I laugh through my nose, and not just because Justin is almost twenty years younger than me.  It’s because my father wanted me to go to Penn in a way that only a man who never went to college could want his boy to go to an Ivy League school.  I never applied because it was pointless, but then acted like I had and told him I’d been rejected.  I even forged the rejection letter.  I cashed the application check and used the money to buy a case of beer that I drank by myself in the woods near my house.  It was the biggest lie I ever told my father and it was the last time I ever drank.  I got really sick.

“Ready to go to Big Jugs?” asks Georgie.

“I’m sure you know the way.”

He gets up from the bed.

“So what is it you want to talk about?” he says.

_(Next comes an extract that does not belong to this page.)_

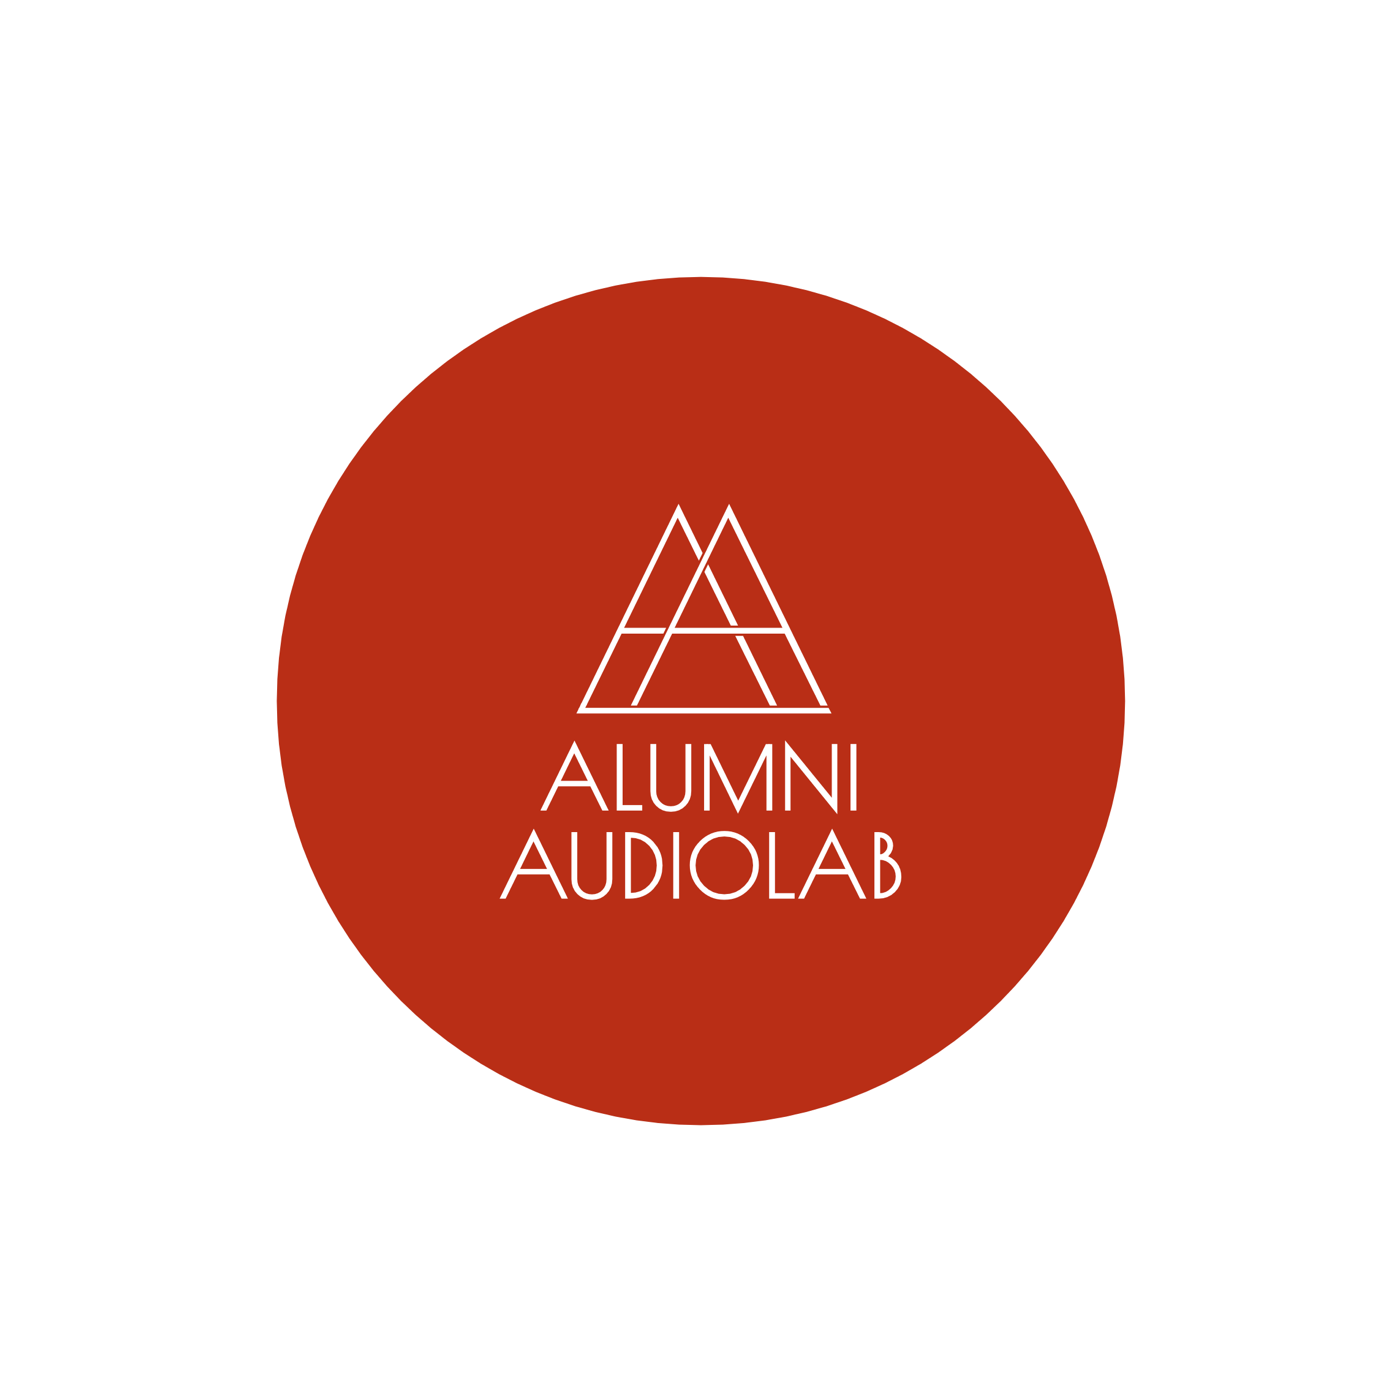 Alumni AudioLab

“We can’t talk about it here.”

“Why not?”

“I’ll explain when we get to Big Jugs.”

“Then I guess it’s off to Big Jugs.”

“Your favorite place.”

He smiles.  “Sure, my favorite place.  I know why you want to go there.”  He winks in a very annoying way.  Well aren’t you the smart one, Georgie Old Boy.

When we’re downstairs, Georgie walks over to my old stereo and CD rack (I have a Bose sound dock now) and looks through them.

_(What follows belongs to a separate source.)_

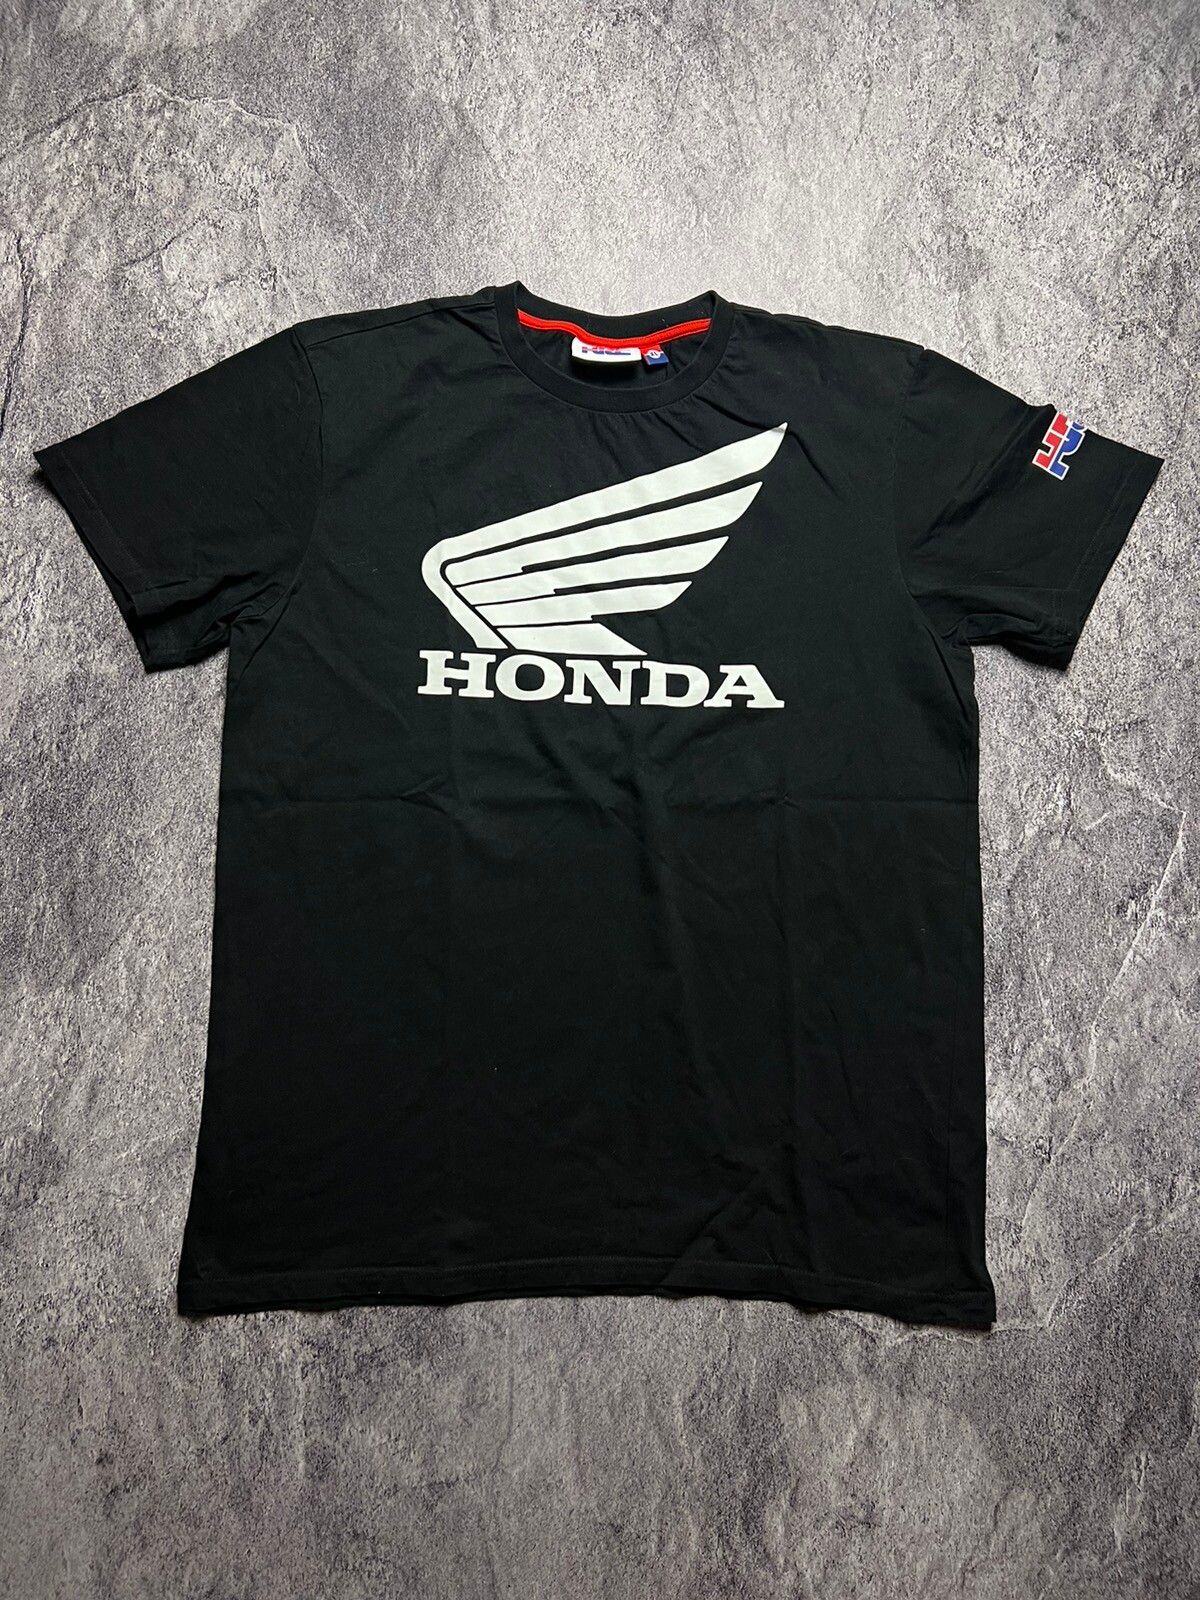 Pre-owned Honda X Racing Y2k Honda Toyota Jdm Vtec Racing Japan Style Racing Tee In Black

“Faster Pussycat?  Damn Yankees?  For real, mate?” he says.

He looks through more CDs until his gaze moves outside.

“Remember how you said you’ve never met your neighbors?” he says.

“Yeah.”

“Here’s your chance.”

“What?”

“Your neighbor.  He’s right outside.  I think you should introduce yourself.”

I can’t tell if he’s serious.  

“Get away from there,” I say.

“Sometimes it takes a third party to bring people together,” Georgie says.  He knocks hard on the window pane.

“I said get away from there.”

I run at Georgie, grab him, and throw him to the floor.

“What’s this?  Am I on the floor?  And if so, why?”

“You do as I say.  You don’t know what you’re messing with.”

“Apparently not.  Why do you act like you’re afraid of your neighbors?”

“I’m not afraid.”

“You act like you are.”

“I’m not!”

I look out the window and see a brown man in jeans wearing a gray hoodie that covers his head.  I can’t see his face.  There is a plastic Acme bag hanging from his hand, which doesn’t make sense because the Acme is on the other side of the fence.

“What’s he look like?” asks Georgie.

“I can’t tell.  He’s wearing a hoodie.  He doesn’t want me to see him.  This has something to do with what I want to talk to you about.”

“Then let’s make our way outside,” he says.  “It got a little creepy in here.”